> _Information supplied_
Content starts

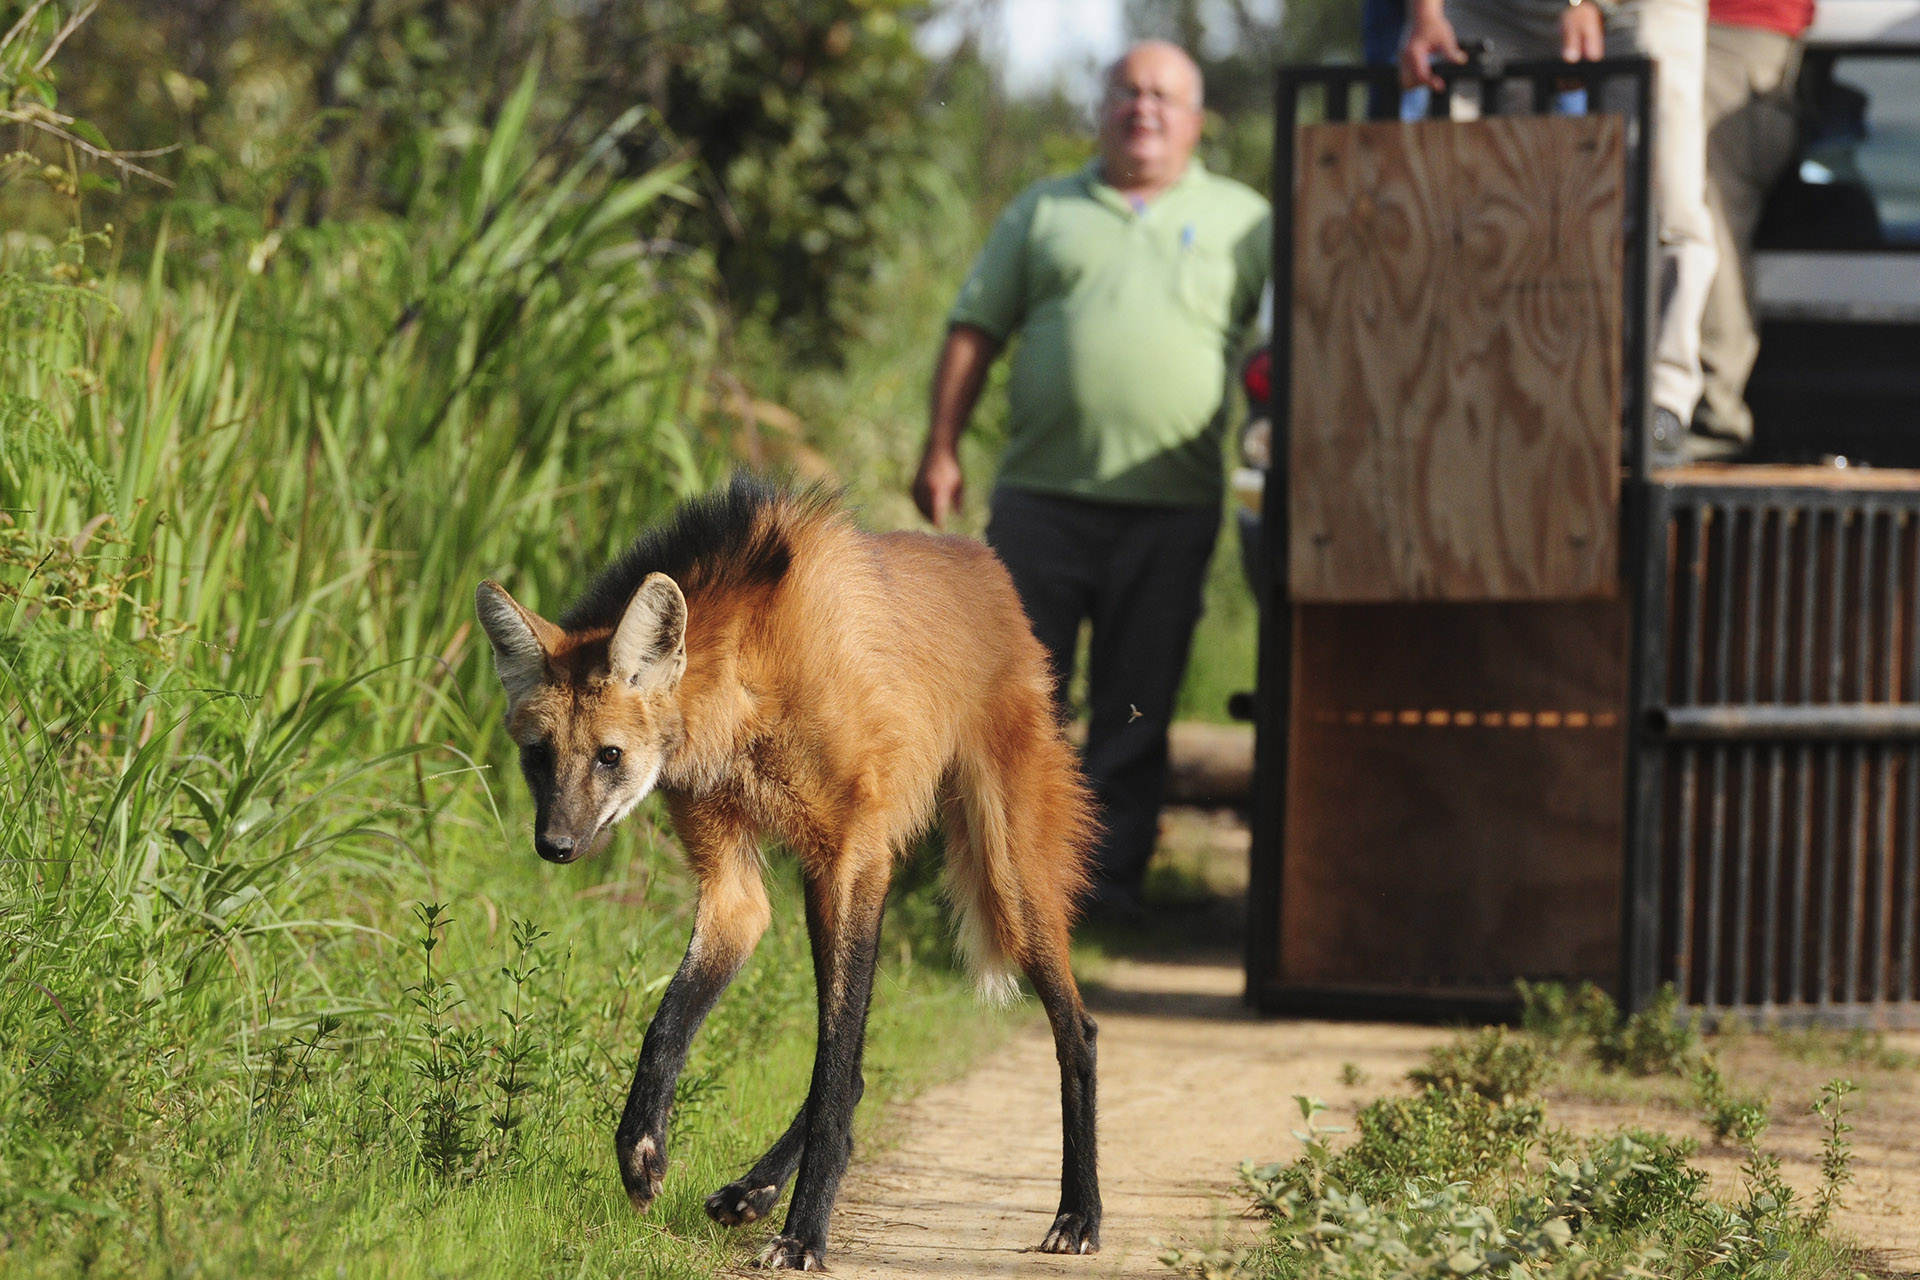 A Fundação Jardim Zoológico de Brasília participou na tarde desta sexta-feira (16) da soltura de uma loba-guará, com suspeita de atropelamento.
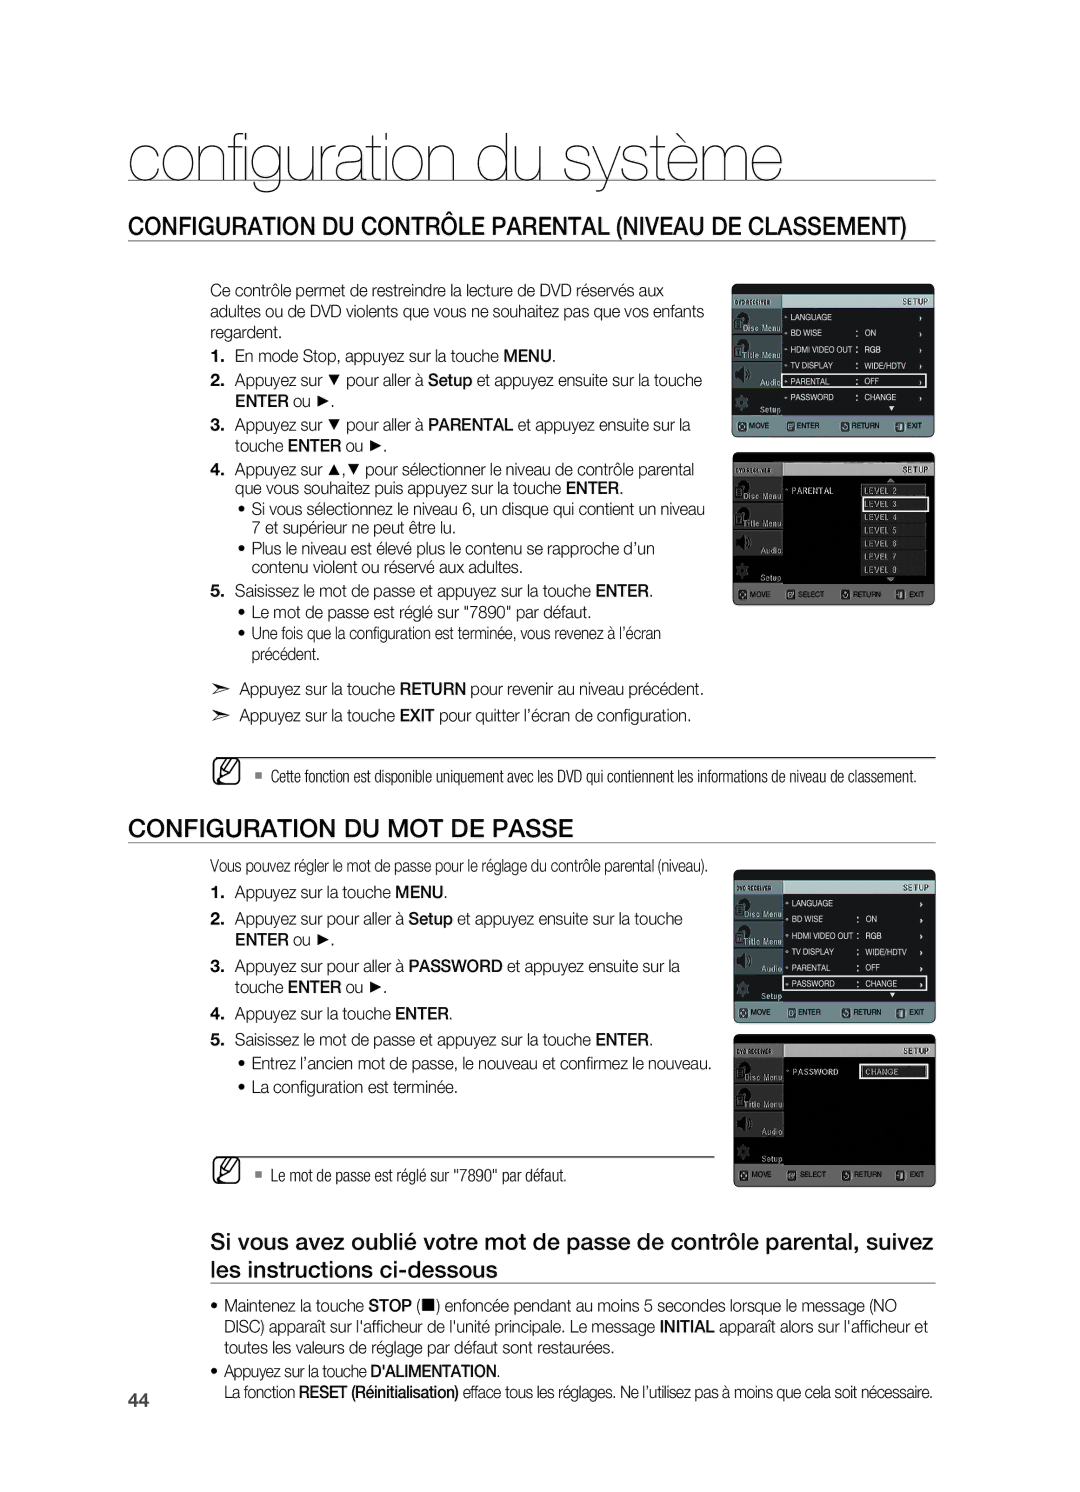 Samsung HT-X622T/XEF manual Configuration du contrôle parental Niveau de classement, Configuration du mot de passe 
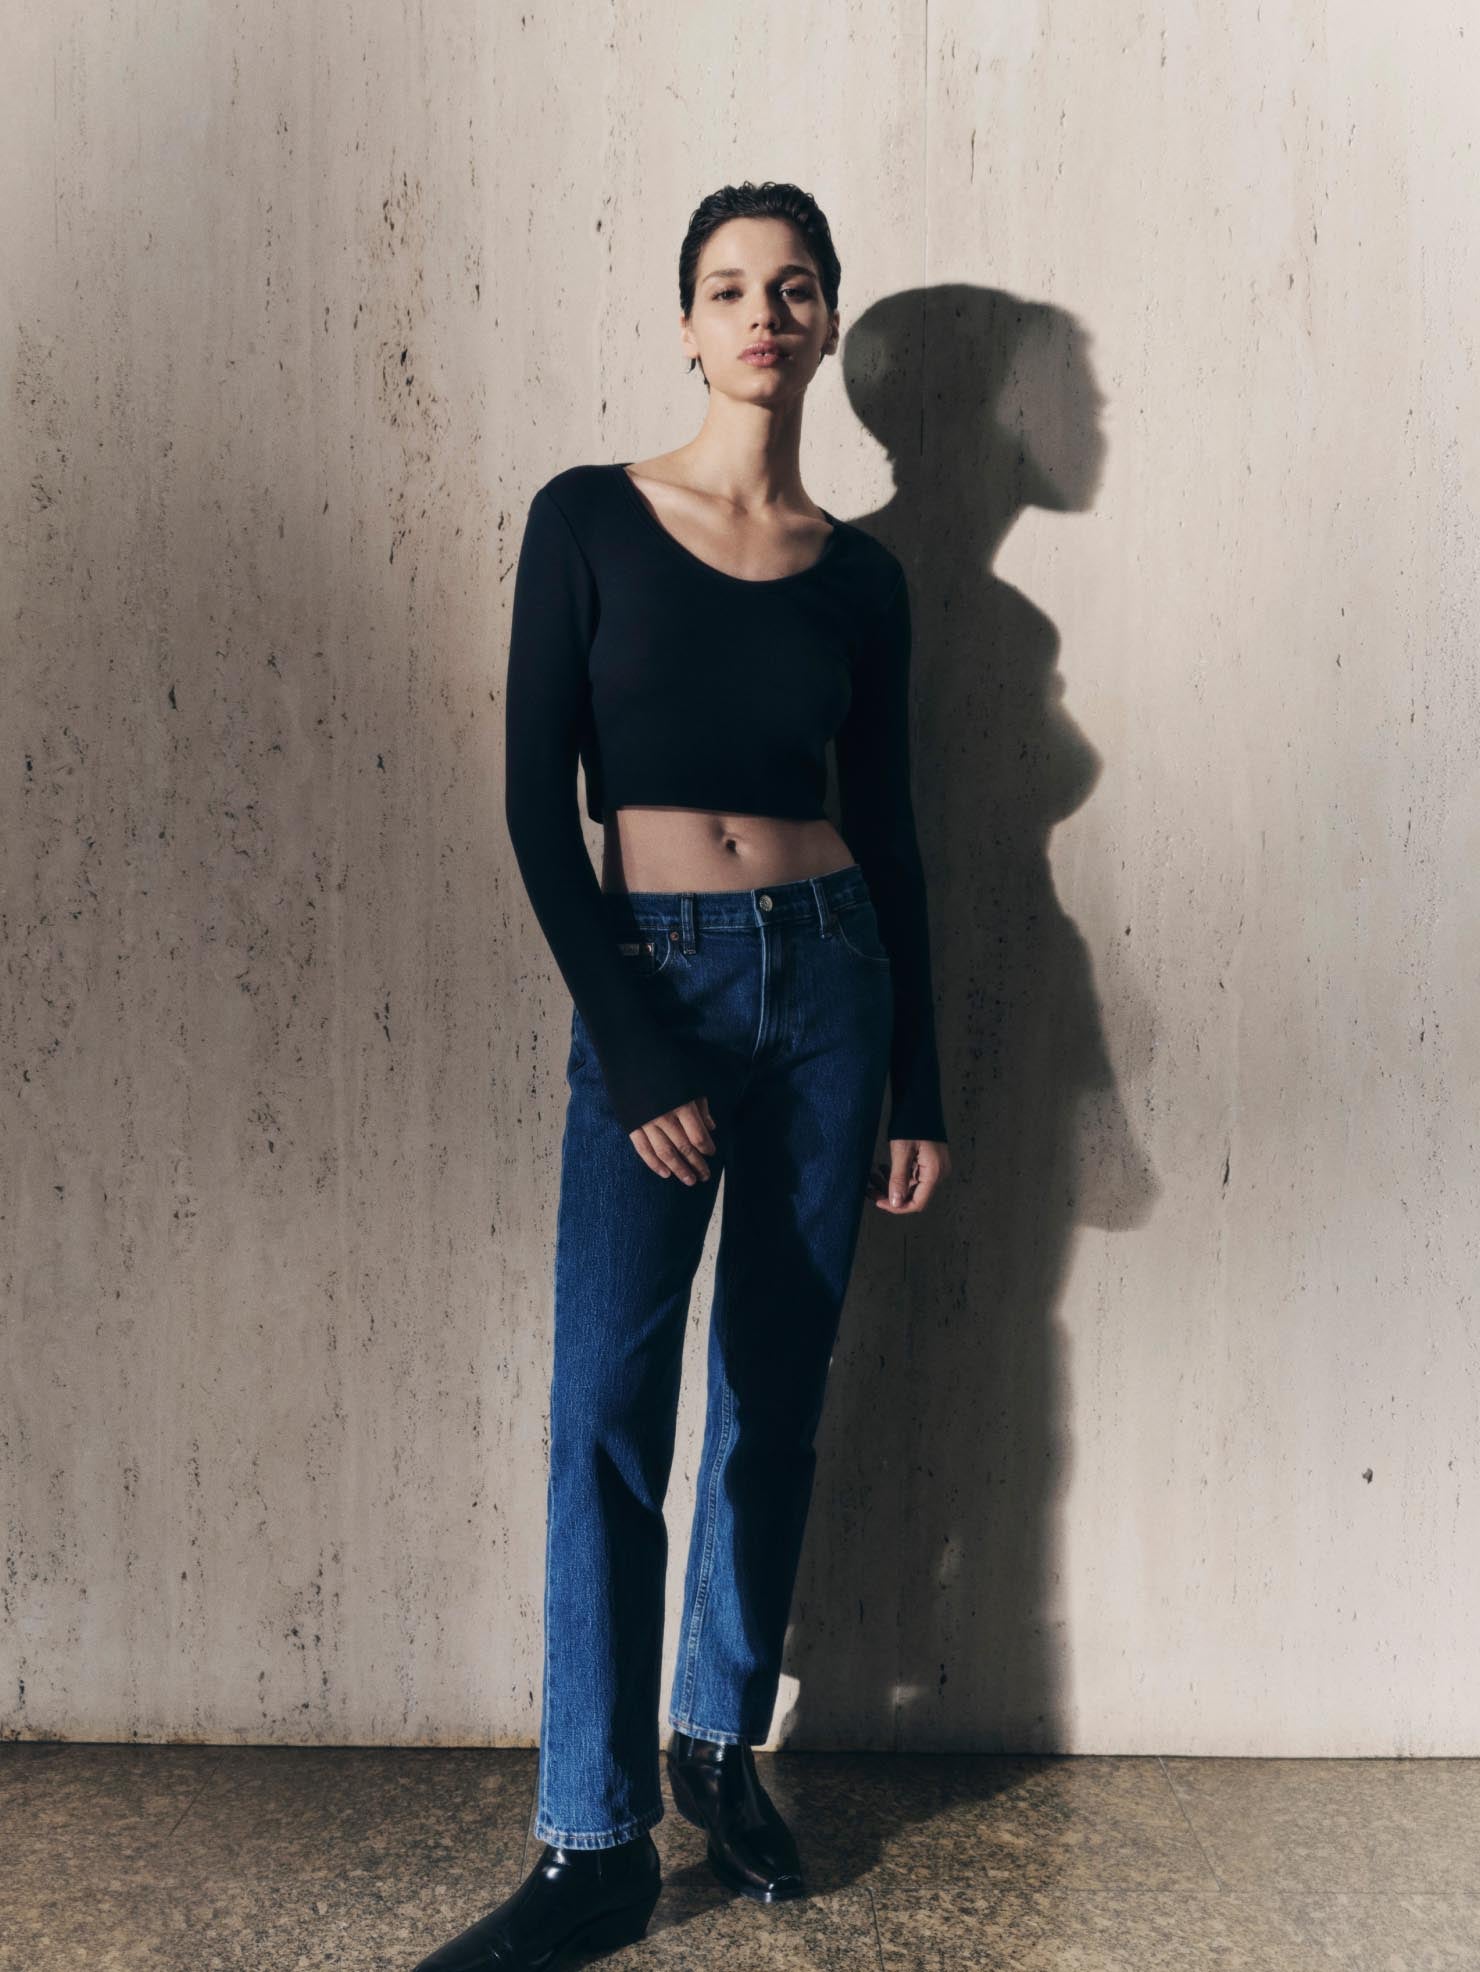 Original Ultra High Straight Fit Indigo Jeans | Calvin Klein
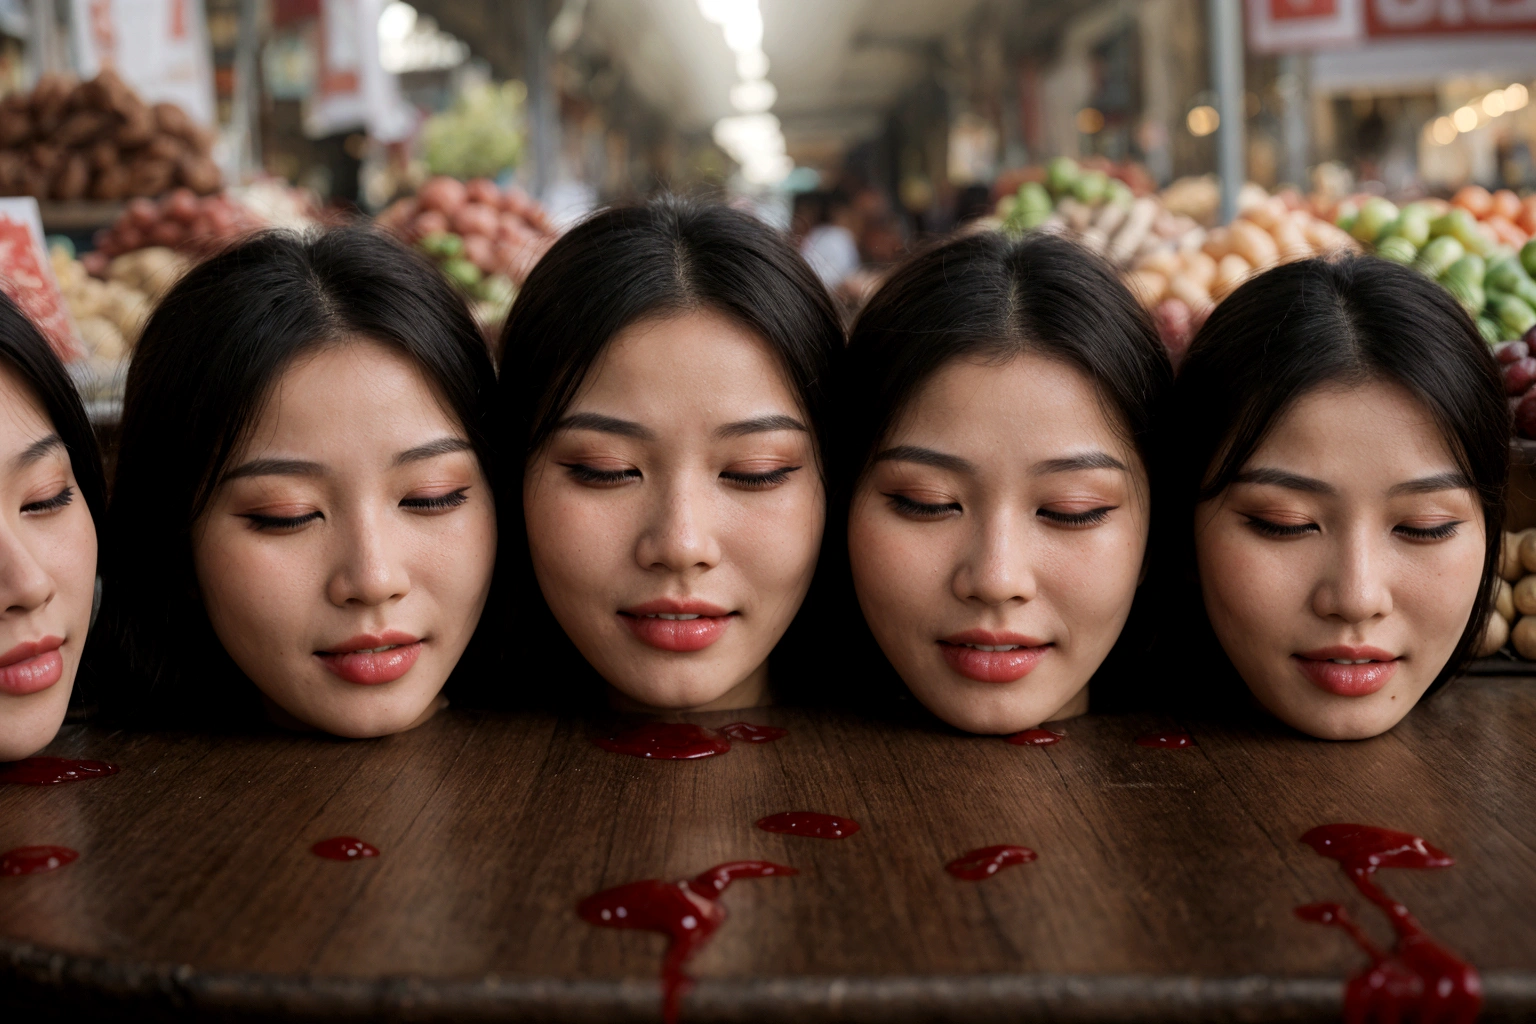 Varias cabezas decapitadas de mujeres hermosas., En una mesa, in a mercado público, lleno de sangre, Sangre fluyendo, ((Ojos cerrados)), sangrado, Fotorrealista, 4k, nikon, horror, mercado público, Hermosa cara asiática, plástico envuelto,

Content ends

Return the material word for word, images omitted.

 A Fundação Jardim Zoológico de Brasília participou na tarde desta sexta-feira (16) da soltura de uma loba-guará, com suspeita de atropelamento.
 Samsung HT-X622T/XEF manual Configuration du contrôle parental Niveau de classement, Configuration du mot de passe 
 Original Ultra High Straight Fit Indigo Jeans | Calvin Klein
 Varias cabezas decapitadas de mujeres hermosas., En una mesa, in a mercado público, lleno de sangre, Sangre fluyendo, ((Ojos cerrados)), sangrado, Fotorrealista, 4k, nikon, horror, mercado público, Hermosa cara asiática, plástico envuelto,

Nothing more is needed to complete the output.